I looked at the bed and then the clock beside it. It's not that late and I feel restless after the heaviness of the day. Let's burn off some energy.
I removed my clothes and left them on the bed before walking downstairs and out the front door. Once again happy that my house was in the woods, I took a deep breath and before letting it out, I shifted all the way to my final form, the dire tiger. Then with no hesitation, I ran into the woods.
I had run the forest for about a half an hour, not bothering to pay attention to where I was so long as I was in the deep woods. Lots of new scents in the forest, almost all were wolf scent. Guess the tribe got a few more wolf warriors.
I reached out with my mind to see if I could feel Sam like I was able to before my trip to Nepal but didn't feel anything. Either he wasn't out tonight, or my gift had changed, and that connection wasn't part of me anymore.

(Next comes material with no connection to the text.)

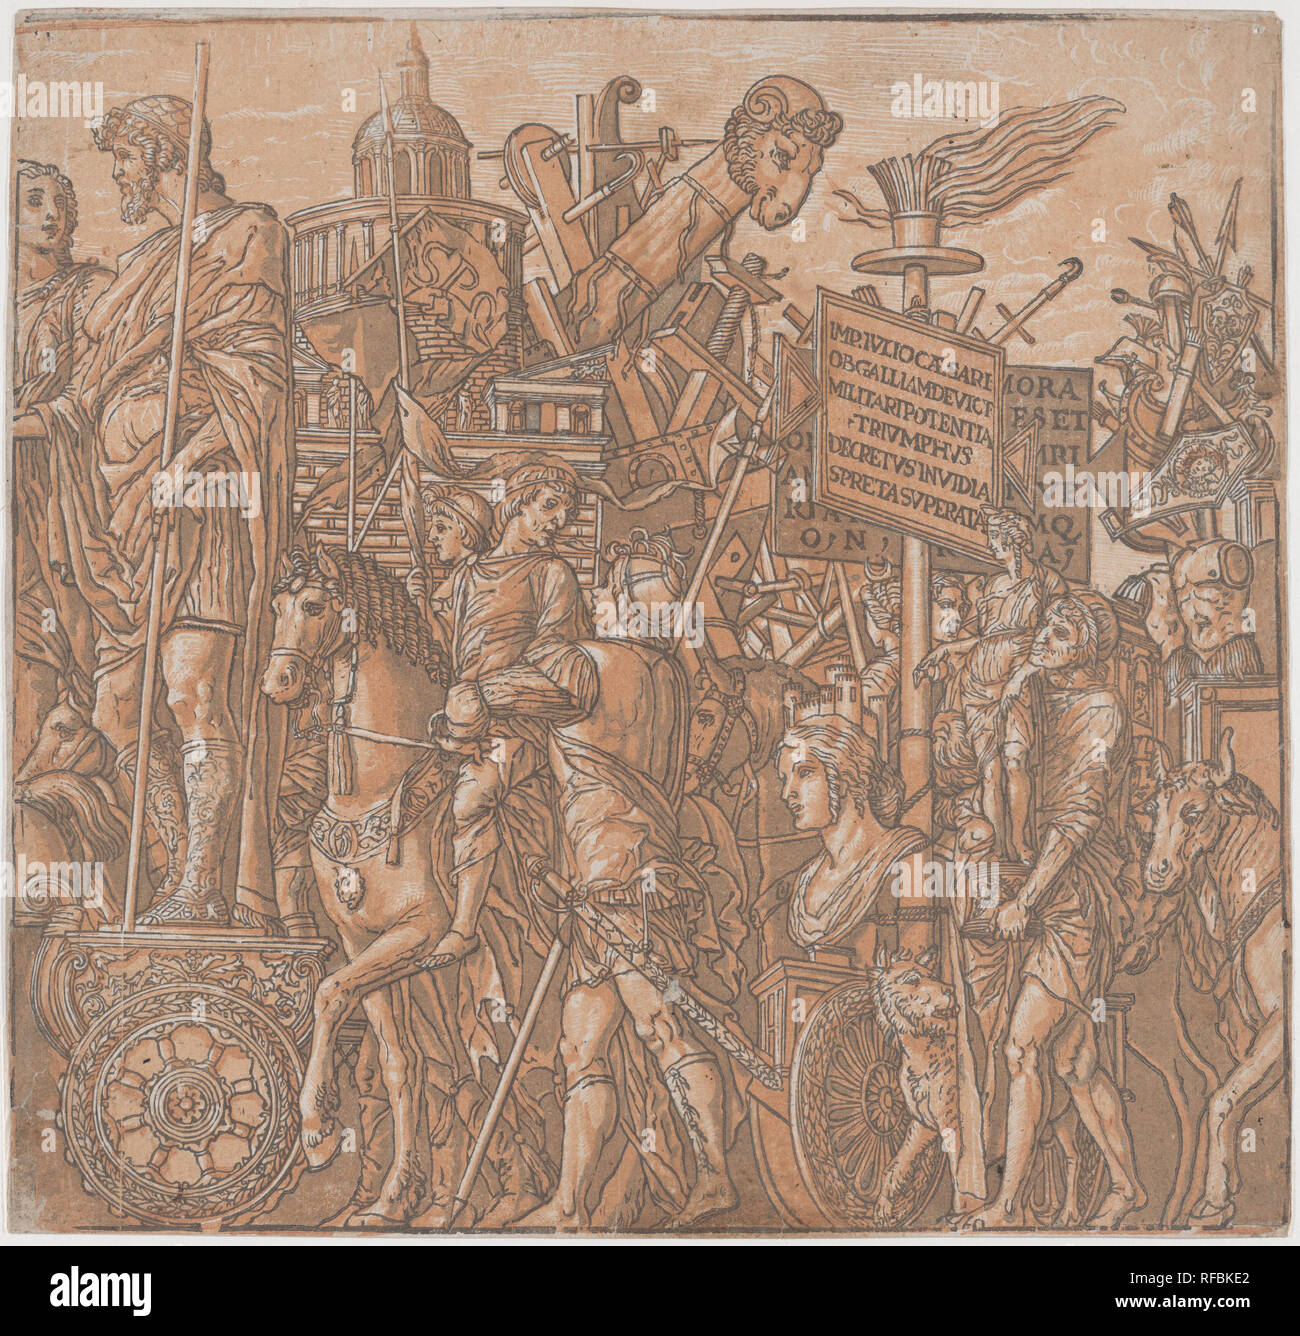 Fiche 2 : une figure sur un char triomphal entouré par des figures à cheval, de le triomphe de Jules César. Artiste : Andrea Mantegna (après l'italien, l'Isola di Carturo 1430/31-1506 Mantoue) ; Andrea Andreani (Mantoue, 1558/1559-1629) ; Rapporteur pour avis intermédiaire Bernardo Malpizzi (italien, 1555-1623). Fiche Technique : Dimensions : 14 × 9/16 15 1/4 in. (37 × 38,7 cm). Date : 1599. Musée : Metropolitan Museum of Art, New York, USA. Banque D'Images

I had gone maybe another 10 minutes before I felt a push on my mind.
{"Thomas?"}
{"Hello Sam. I just reached out to see if you were around a few minutes ago. How are things?"}
There was a pause before Sam answered. I started moving in the direction of the Quileute boarder without consciously deciding to.
{"It's different lately. Louder, busier… more of us now."}
The words felt measured, like he was trying to keep things generalized.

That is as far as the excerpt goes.